Na różnych portalach możemy przeczytać, co za taką wygraną można kupić. Jak podaje Wirtualna Polska, kwota ta wystarczy na kupno 26 Maybachów, 12 luksusowych apartamentów w Warszawie lub 700 wycieczek dookoła świata.

Ja postanowiłam sprawdzić, co za 35 mln można kupić w Szczecinie.
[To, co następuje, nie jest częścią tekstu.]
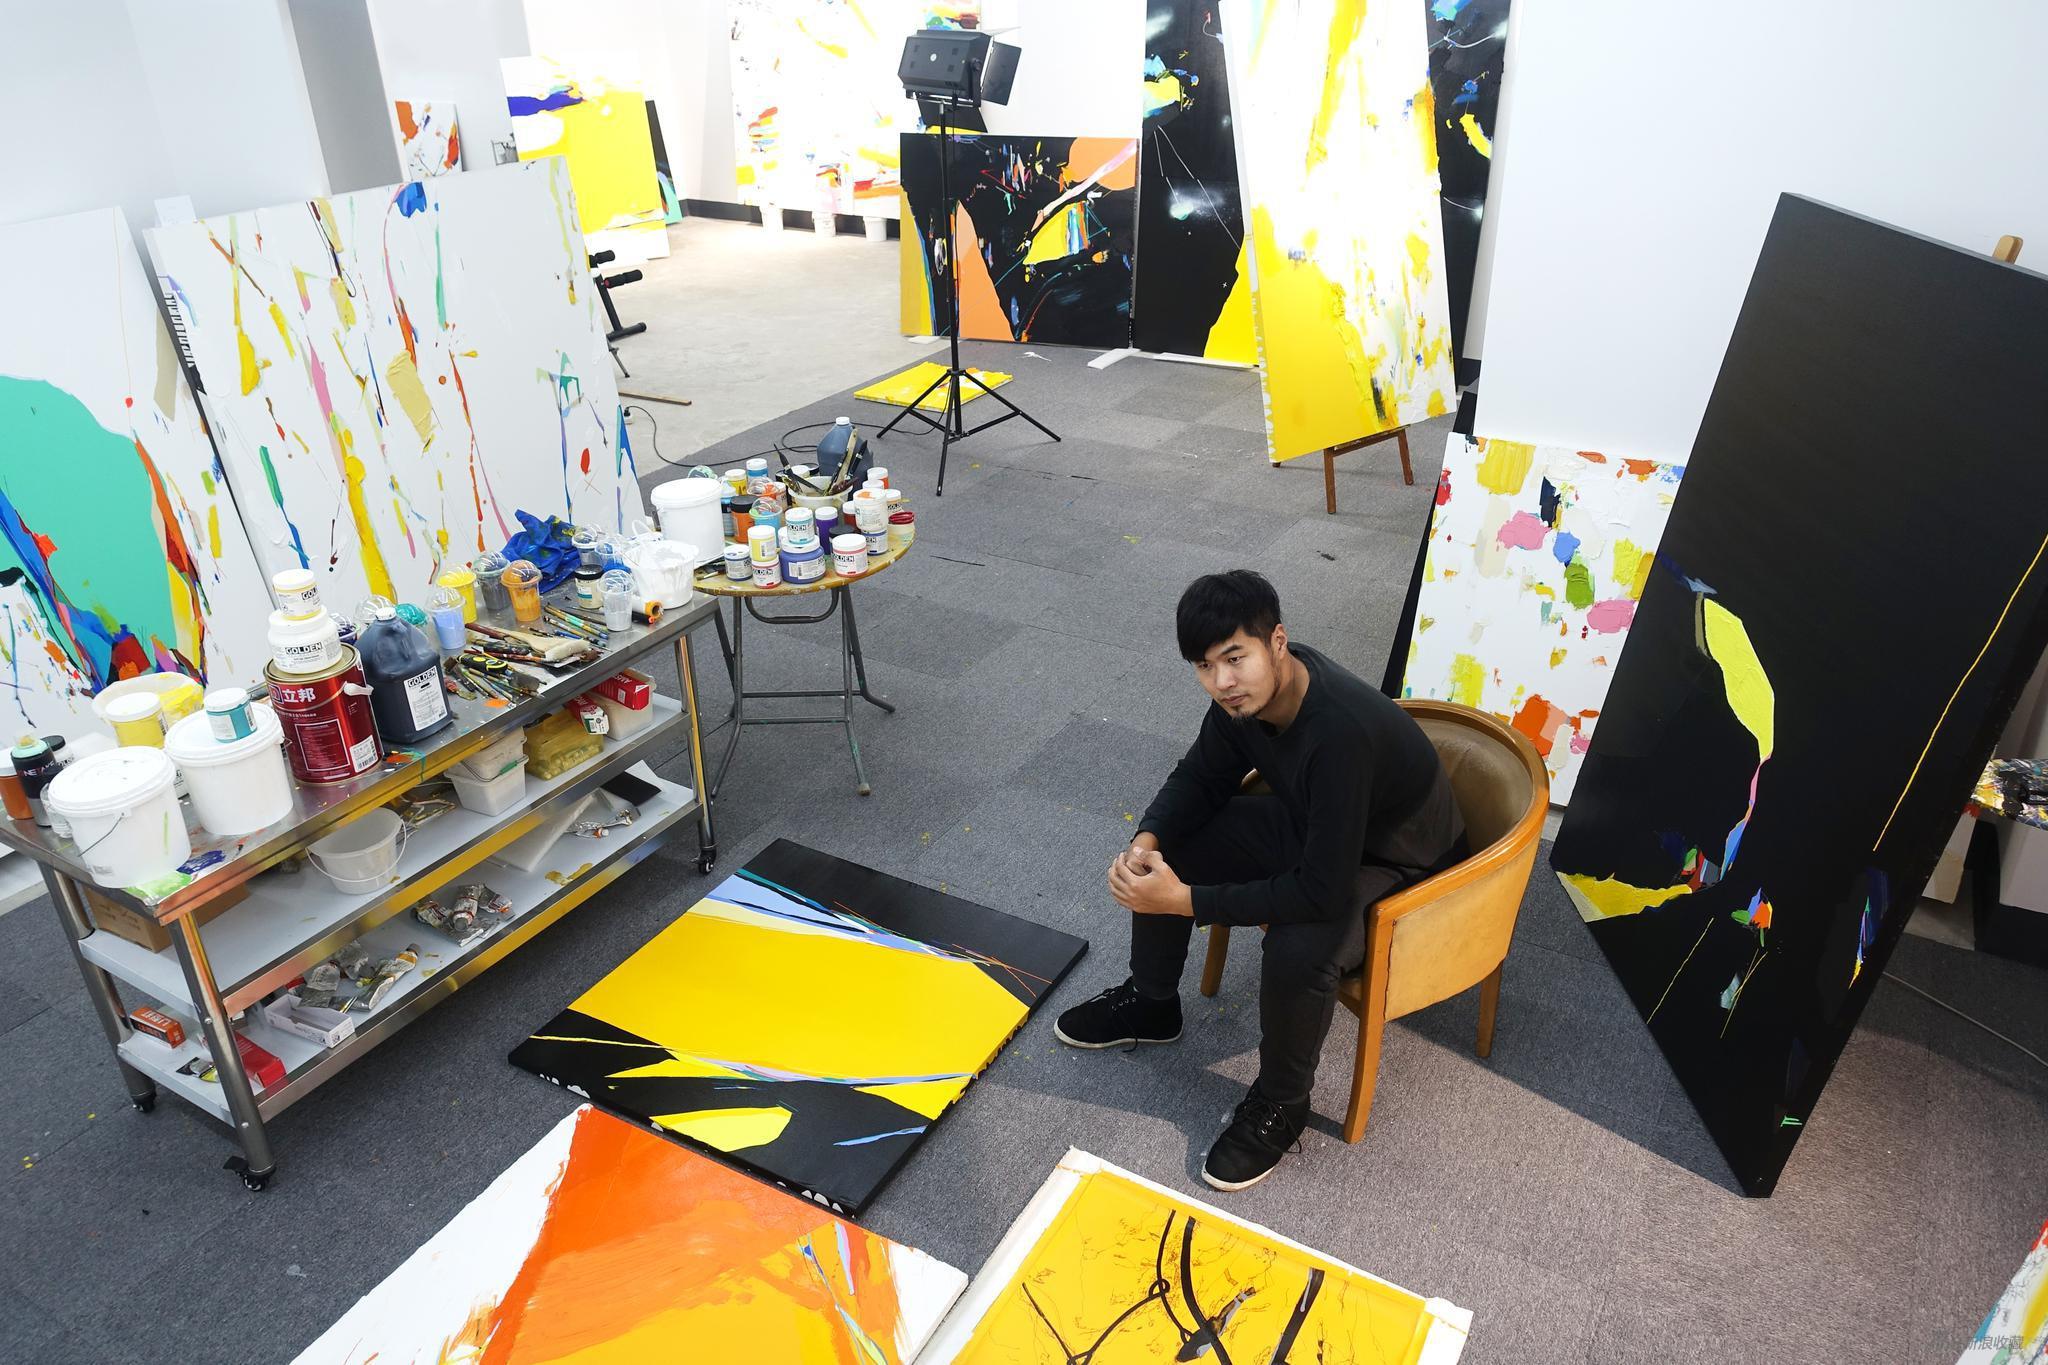 朱佩鸿在工作室中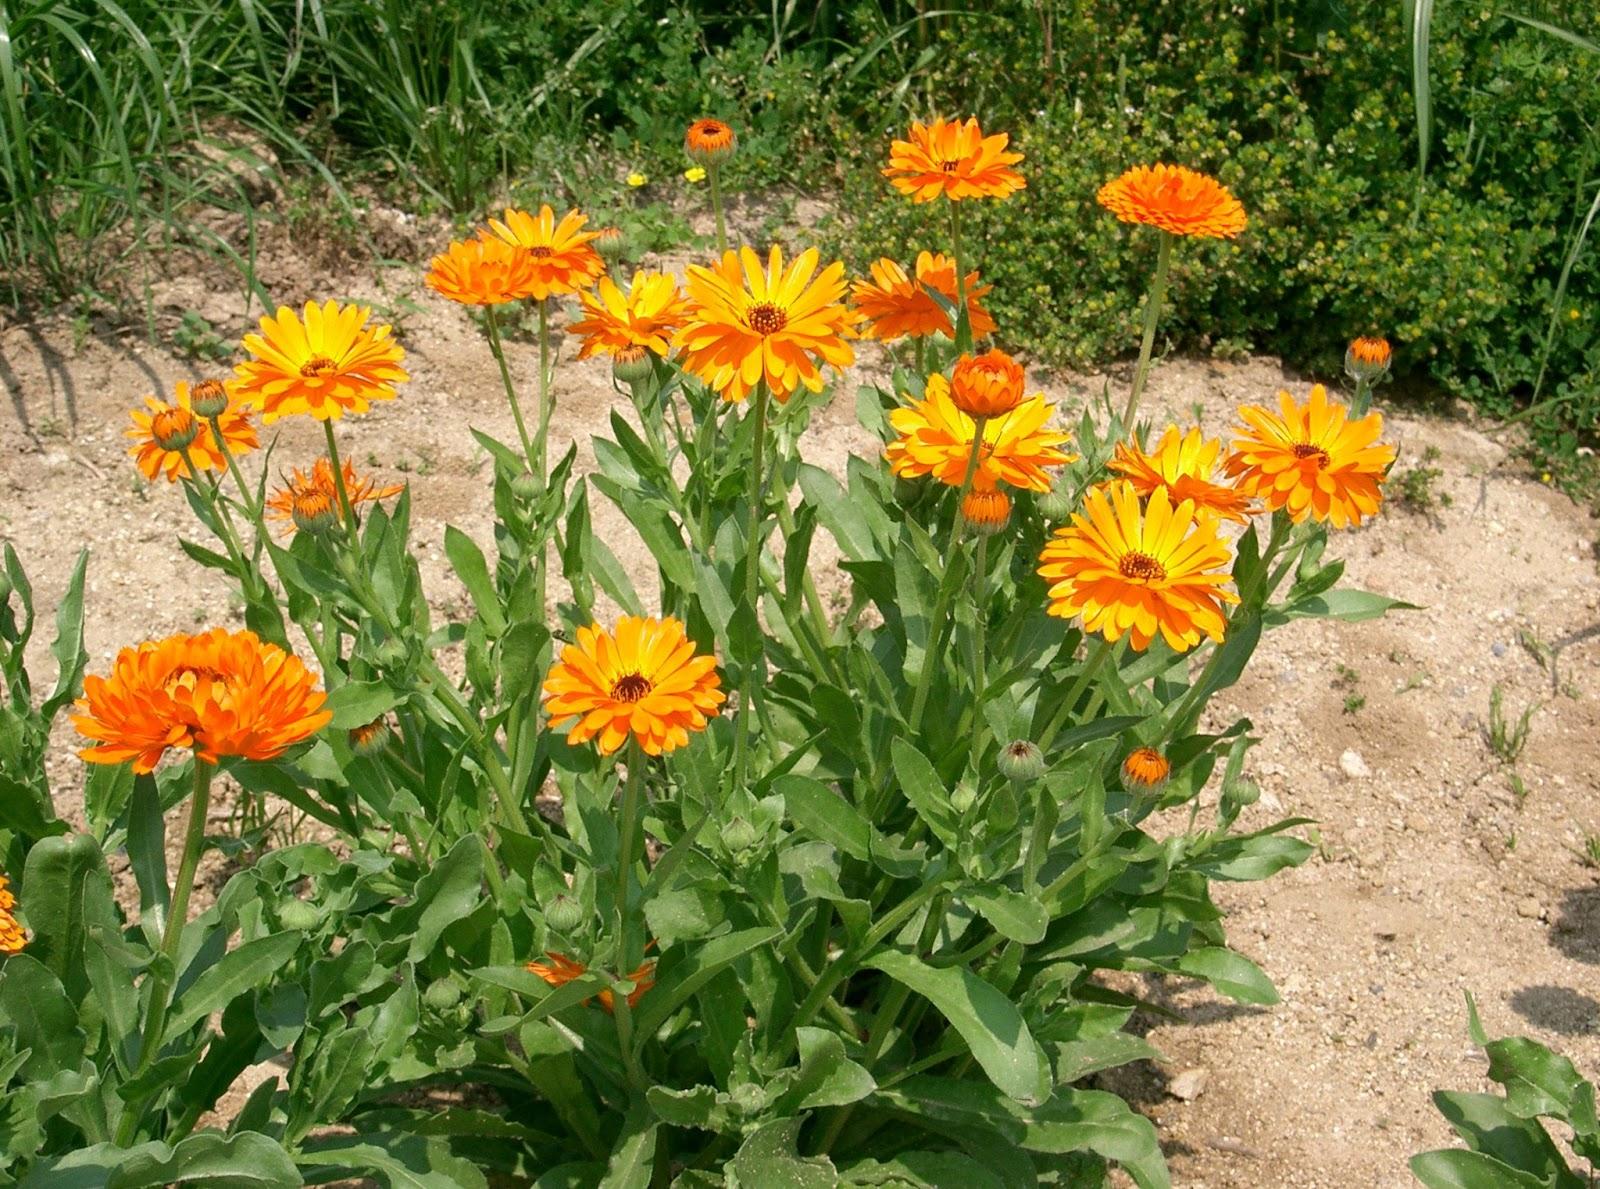 Enjoy life antiparassitari naturali fai da te per l 39 orto for Trasforma un semplice terreno in un colorato giardino

Wybrałam się dziś na wirtualne zakupy i muszę przyznać, że wydawanie pieniędzy to ciężka praca. W swoim zakupowym szaleństwie kierowałam się dwoma zasadami. Po pierwsze kupuję a nie inwestuję, po drugie kupuję rzeczy za pośrednictwem tylko i wyłącznie Szczecińskich firm.

Dom w Szczecinie oraz apartamenty w Kołobrzegu i Dubaju

Zaczęłam od nieruchomości. Przeglądając oferty szczecińskich biur znalazłam sobie dom. Najdroższa oferta pochodziła ze Szczecińskiego Centrum Nieruchomości. Jak przeczytałam w ogłoszeniu, jest to „komfortowa rezydencja dla klienta szukającego luksusu”.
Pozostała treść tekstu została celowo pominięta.